If Republicans – who have been leading in polls and betting markets – win control of either the House of Representatives, the Senate, or both, it will result in a split government with the presidency under Democrat Joe Biden.

Here are some potential market implications from Tuesday’s vote:

** With a Democrat in the White House, the best market performance has come when Republicans held either the House, Senate or both.

Average annual returns have been 14% in a split Congress and 13% in a Republican-held Congress under a Democratic president, according to data since 1932 analyzed by RBC Capital Markets. That compares with 10% when Democrats controlled the presidency and Congress.

The S&P 500 is down 20% this year.

** Many strategists are also quick to cite the stock market’s perfect post-midterms track record: The S&P 500 has posted a gain in each 12-month period after the midterm vote for 19 straight occasions since World War Two, according to Deutsche Bank (ETR:).

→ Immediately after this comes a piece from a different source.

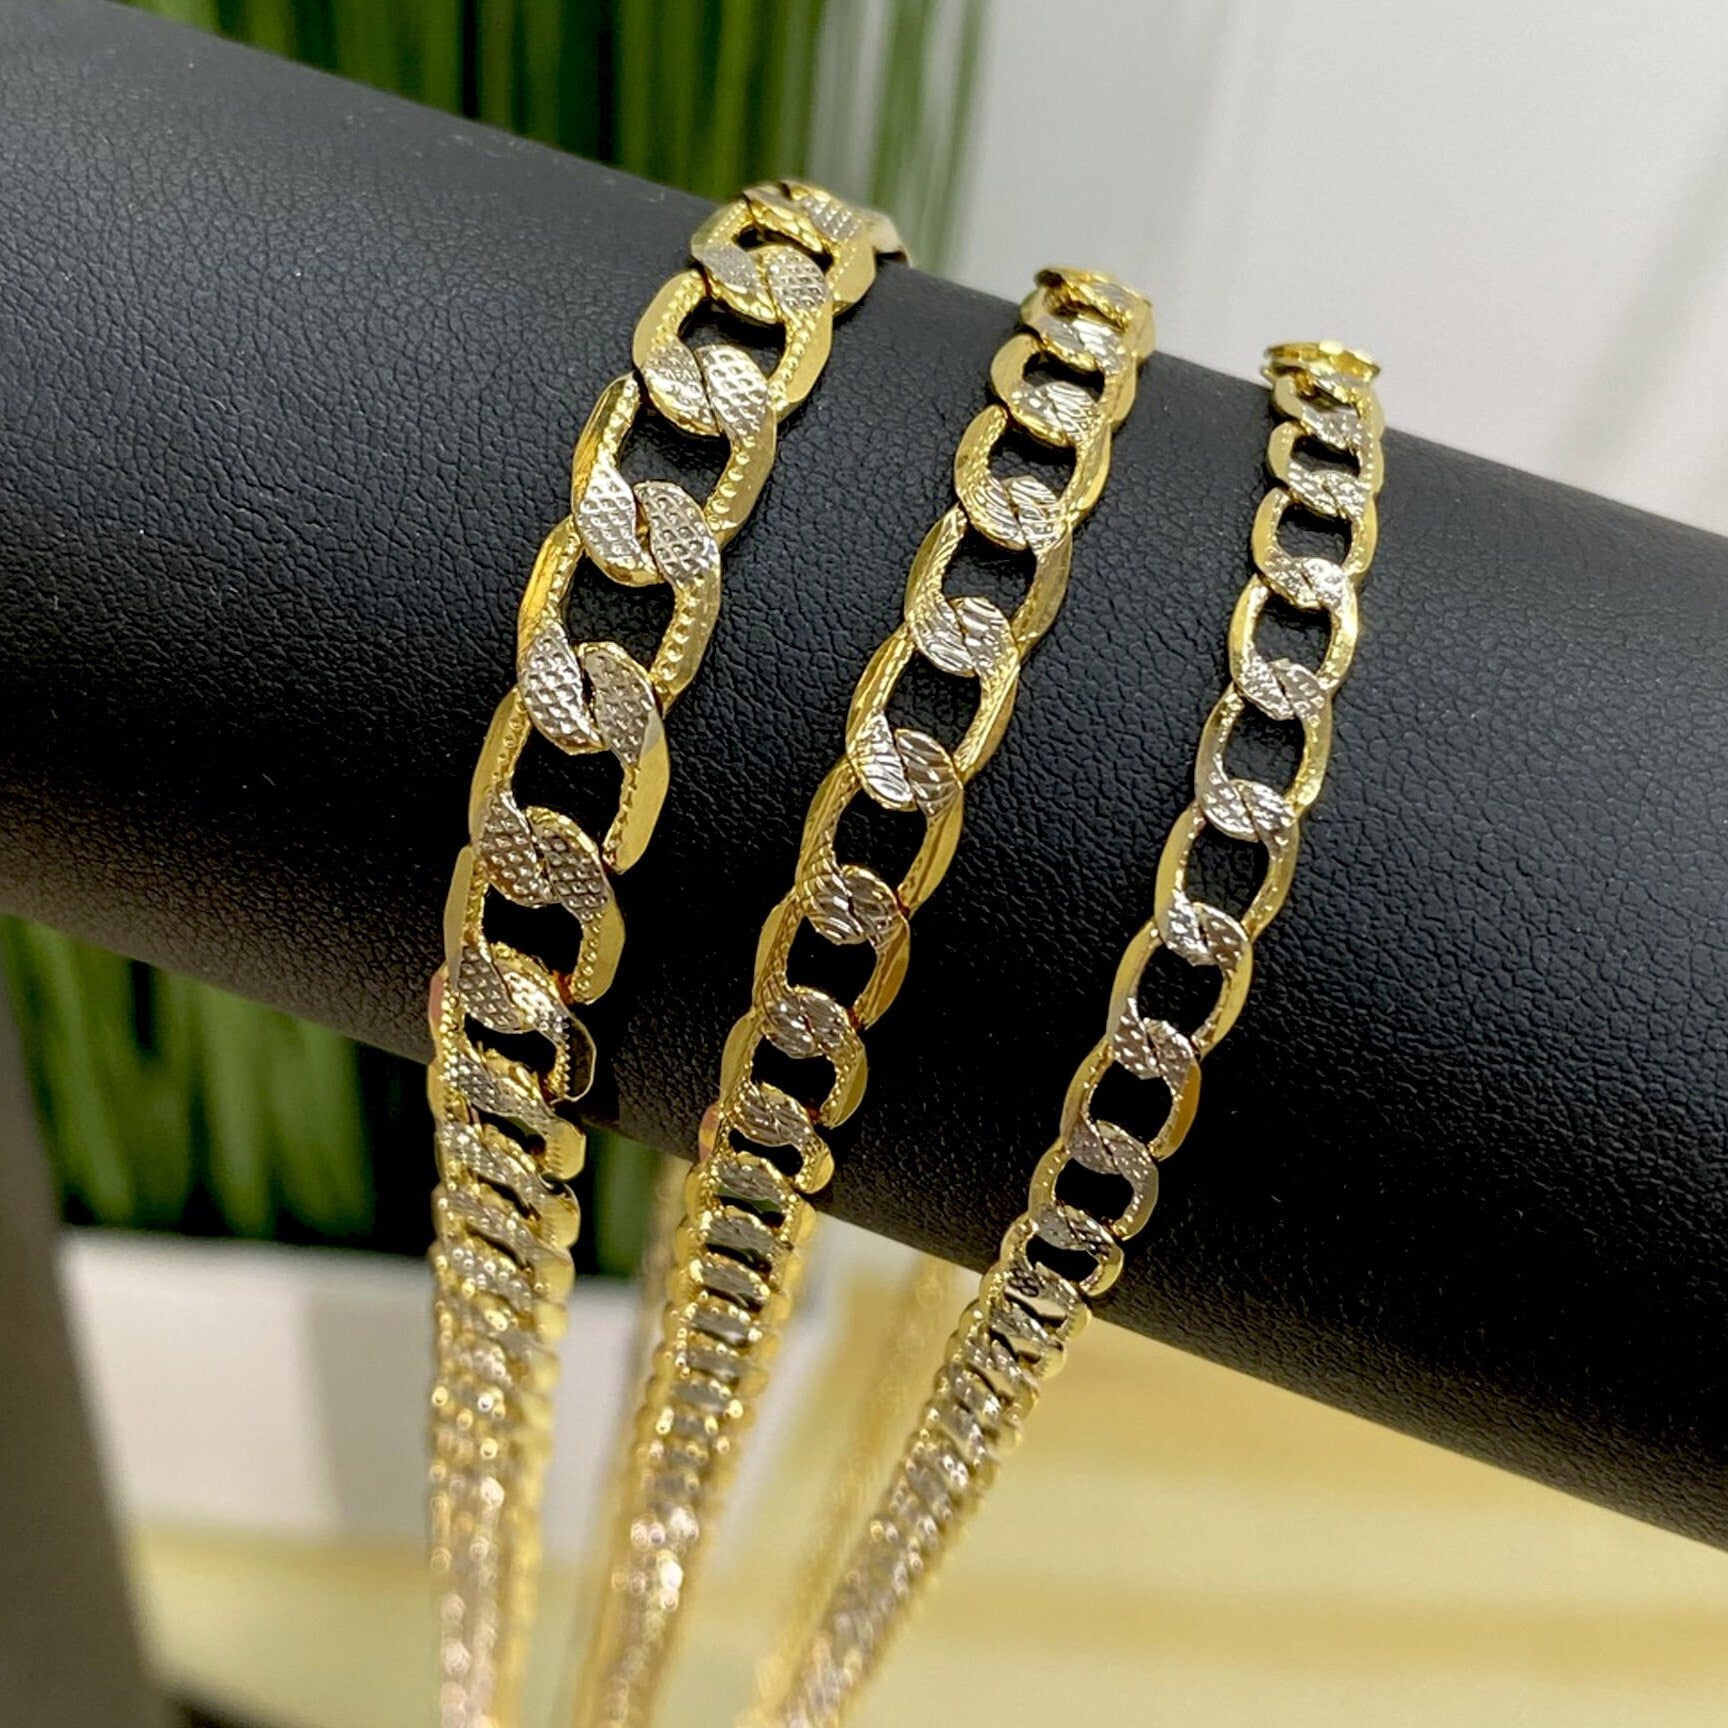 18k Gold Filled Cuban Curb Link, Two Tone Chain, Unisex Necklace, Wholesale Jewelry Making Supplies

Over the past 18 political cycles, the S&P 500 has risen by an average of over 15% in the year following the midterm vote, according to Oxford Economics.

Investors give a number of possible reasons for the post-midterms tailwind, with some saying the vote tends to bring a clearer policy outlook.

But some are wary that the streak is at risk this year, given concerns that the economy is heading into a recession.

** While investors tend to favor political gridlock, one fallout of split government may be a bruising fight over raising the U.S. debt ceiling that could stoke concerns over a U.S. default and spur market volatility.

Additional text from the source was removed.